Sunday, 14 January 2018

From the Cutting Room Floor

Every year, as the new season gets underway, insect activity moves on apace and the life of the amateur naturalist can become very busy. I take many more photographs than ever appear on my blog posts and the winter months offer a good opportunity for me to look back at some of the images that missed the final cut.
Dark Crimson Underwing (Catocala sponsa)
Back in May 2017, Carol and I were walking in a mature mixed woodland in West Sussex when I spotted a large moth larva at rest on a stem of pendulous sedge. I could hazard a guess as to the family of moths to which it belonged but I didn't arrive at a proper identification until I got home and consulted my books. I was pretty certain that I had found the mature larva of a Dark Crimson Underwing (C.sponsa), a red data species that is now restricted to the New Forest as a breeding species in the UK. Singletons (generally regarded as migrants) are occasionally attracted to moth traps in Sussex but this is the first record of a larva found in the wild in the county since 1857.
(Reference; "A Complete History of the Butterflies and Moths of Sussex" vol. 3, by Colin R. Pratt)

Spiked Rampion (Phyteuma spicatum)
Also during May 2017, Bob and I decided to seek out the rare and endangered Spiked Rampion (P.spicatum) which only survives in the UK at just a few sites in East Sussex. It turned out that one of the sites is only about three miles from where I live.

Ctenophora flaveolata (Cranefly sp.)
In May 2017, as in most years, Bob and I headed off to the ancient woodlands of Kent to connect with the Duke of Burgundy (butterfly) but these woods are also rich in other rare insects as well as wild orchids. On this occasion we happened upon an impressive and rare species of Cranefly  (Ctenophora flaveolata) that can only be found in a few scattered ancient woodland sites in southern England.

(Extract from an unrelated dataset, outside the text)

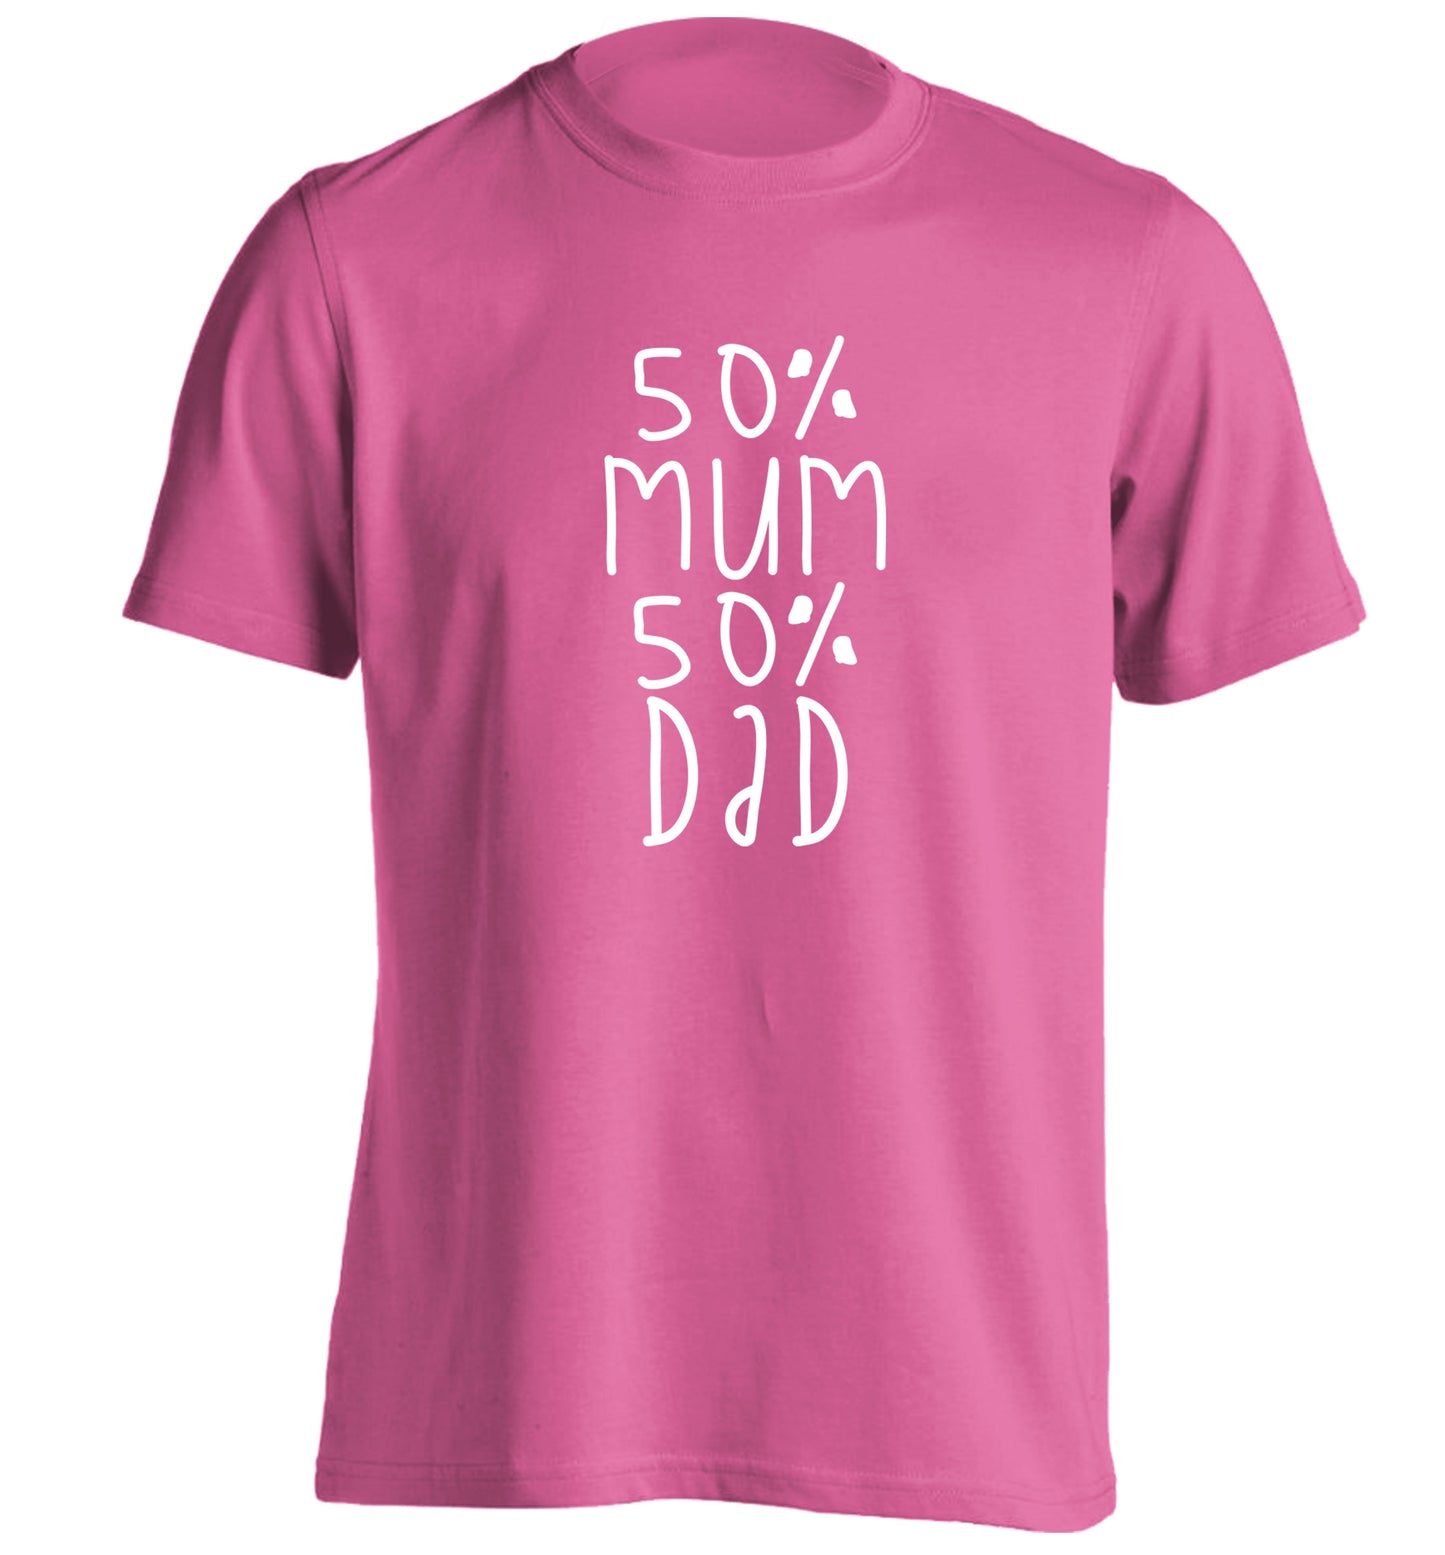 50% mum 50% dad adults unisex pink Tshirt 2XL

I shall certainly be on the lookout for it in 2018 and to try and get some better photographs.

Fen Raft Spider (Dolomedes plantarius)
In June 2017, on Pevensey Levels, I took this photograph of a female Fen Raft Spider (D.plantarius) tending her egg sac. It wasn't until I got home later in the day that I noticed that her second leg was deformed, possibly caused during a skin-shed.

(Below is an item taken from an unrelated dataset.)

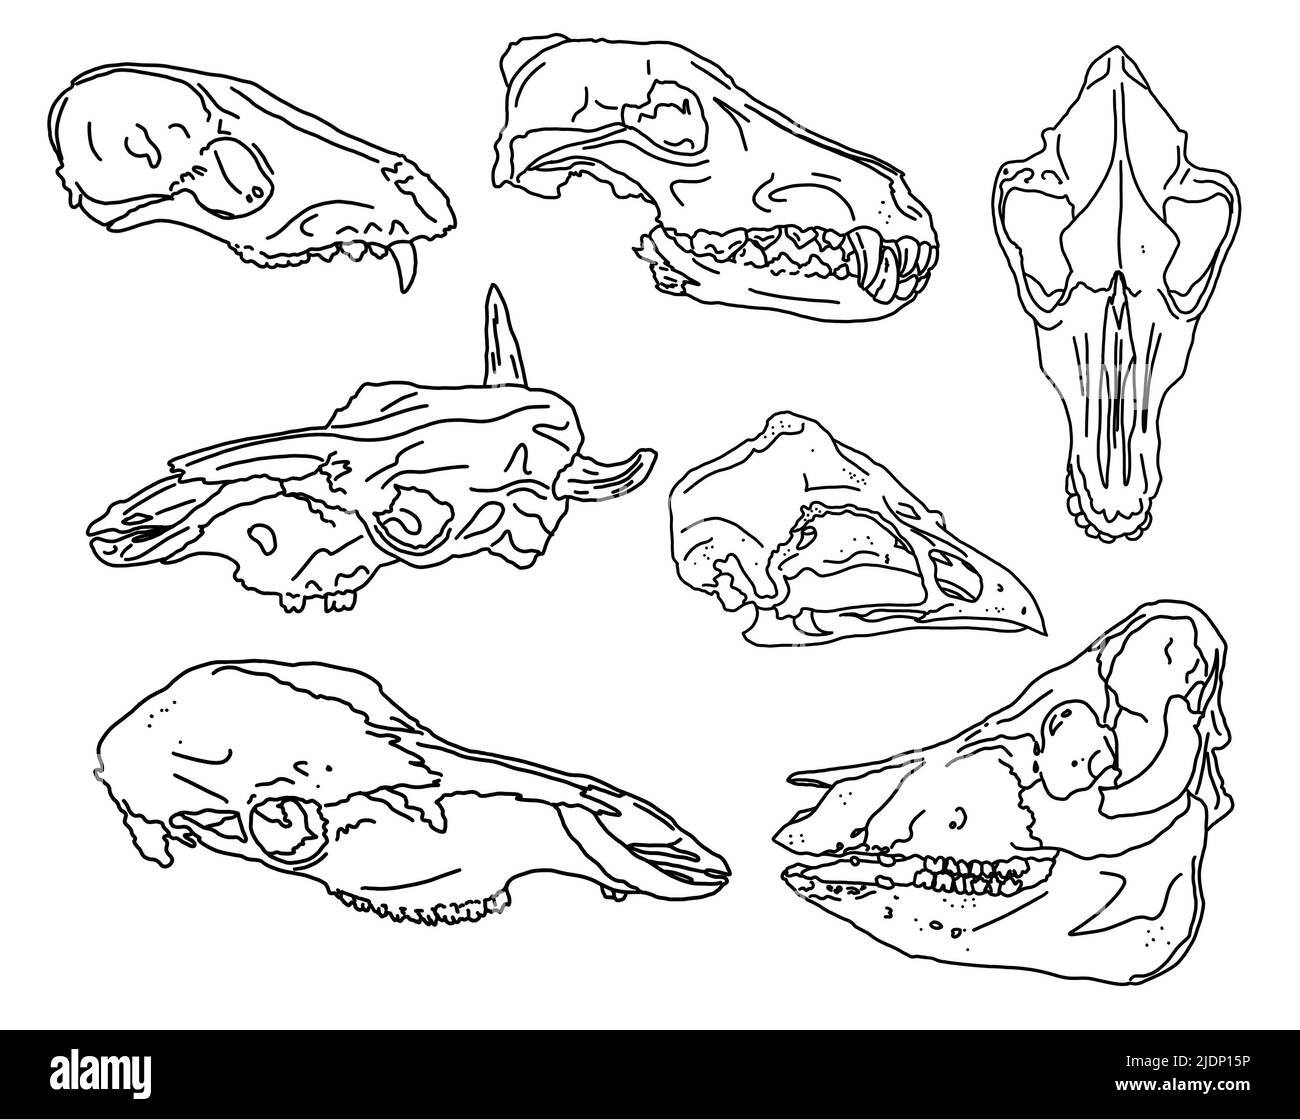 Graphical set. animal skulls linear art. Stock Photo

Ringlet (Aphantopus hyperantus) (female, ab.arete
In July 2017, whilst on holiday in Cumbria, I photographed this ab. arete, (where the normal ringlet eyespots are reduced to white dots). I have always found arete hard to come by in the woods of East Sussex but in this particular Cumbrian colony I found that up to 5% of the population were so affected. 

Brimstone (Gonepteryx rhamni) (male)
In August 2017, I came across this Brimstone (G.rhamni) oddity in one of my local woods. The strange markings are pathological in origin and are caused by leakage from damaged veins into the wing membrane. I have included a photograph of a normally marked male for comparison.